Theory of quantum open systems

A.Y. 2020/2021
Overall hours
Learning objectives
Introduction to the modern formulation of quantum mechanics and the theory of open quantum systems
Expected learning outcomes
The student will gain the following expertises:

knowledge of statistical operators and POVM
knowledge of complete positivity and dynamical maps
knowledge of projection operator techniques
knowledge of master equation in Lindblad form
Course syllabus and organization

Single session

Lesson period
First semester
Course syllabus
The course introduces a formulation of quantum mechanics based on positive operator-valued measures and statistical operators, stressing that quantum mechanics has to be understood as a probability theory different from the classical one. Within this probabilistic viewpoint, it addresses the mathematical formulation of quantum measurement theory and of open quantum system theory. Open quantum system theory deals with the dynamics of quantum systems affected by other quantum degrees of freedom. The ensuing dynamics are not unitary and call for the introduction of more general evolution equations with respect to the Schroedinger equation. Emphasis is put on the mathematical formulation of the theory. Key notions introduced are complete positivity, quantum dynamical semigroups, projection operator techniques, master equation, map representation, Naimark's dilation theorem. The new phenomena of dissipation and decoherence appearing in this context are discussed, together with a brief introduction to non-Markovian dynamics.
Prerequisites for admission
Basic knowledge of quantum mechanics.
Teaching methods
Lectures and exercises
Teaching Resources
H.-P. Breuer and F. Petruccione, The Theory of Open Quantum Systems,
Oxford University Press, 2002
T. Heinosaari and M. Ziman, The Mathematical Language of Quantum Theory
Cambridge, 2012
Lectute notes on the Ariel platform
Assessment methods and Criteria
The final examination consists of an oral exam.
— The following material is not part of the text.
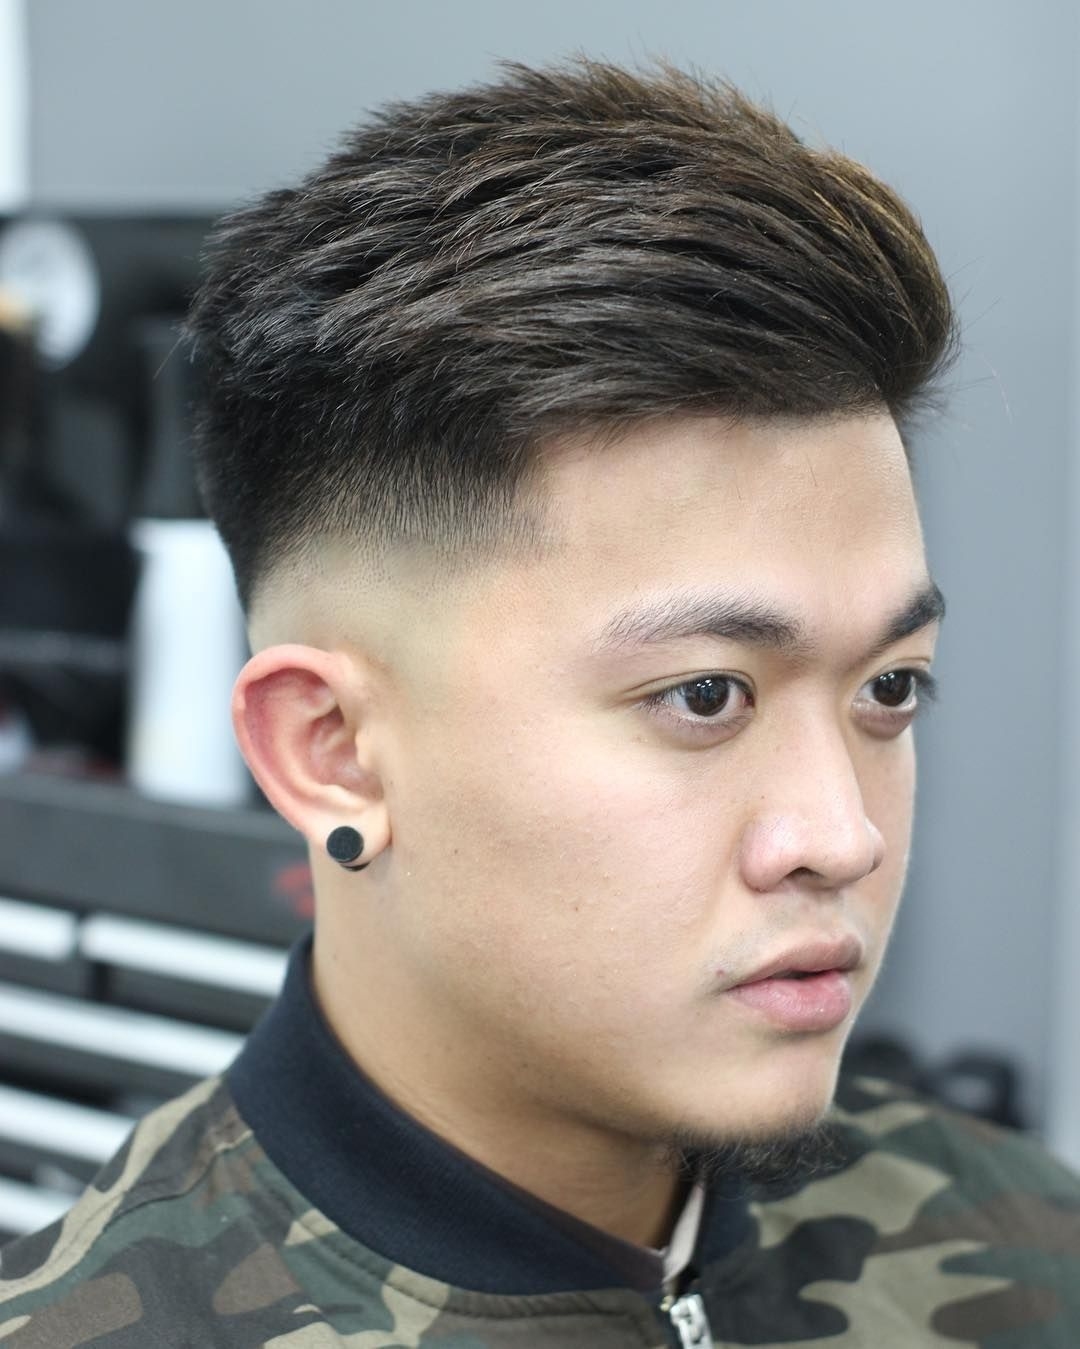 25 + Best Low Fade Haircuts &amp;amp; Hairstyles For Men&amp;#039;s | Boys Haircuts intended for Superb How To Do Asian Hairstyles For Guys

In the oral exam, the student will be required to illustrate results presented during the course and will be required to solve problems regarding open quantum system in order to evaluate her/his knowledge and comprehension of the arguments covered as well as the capacity to apply them.

Final marks are given using the numerical range 0-30, and will be communicated immediately after the oral examination.
Lessons: 42 hours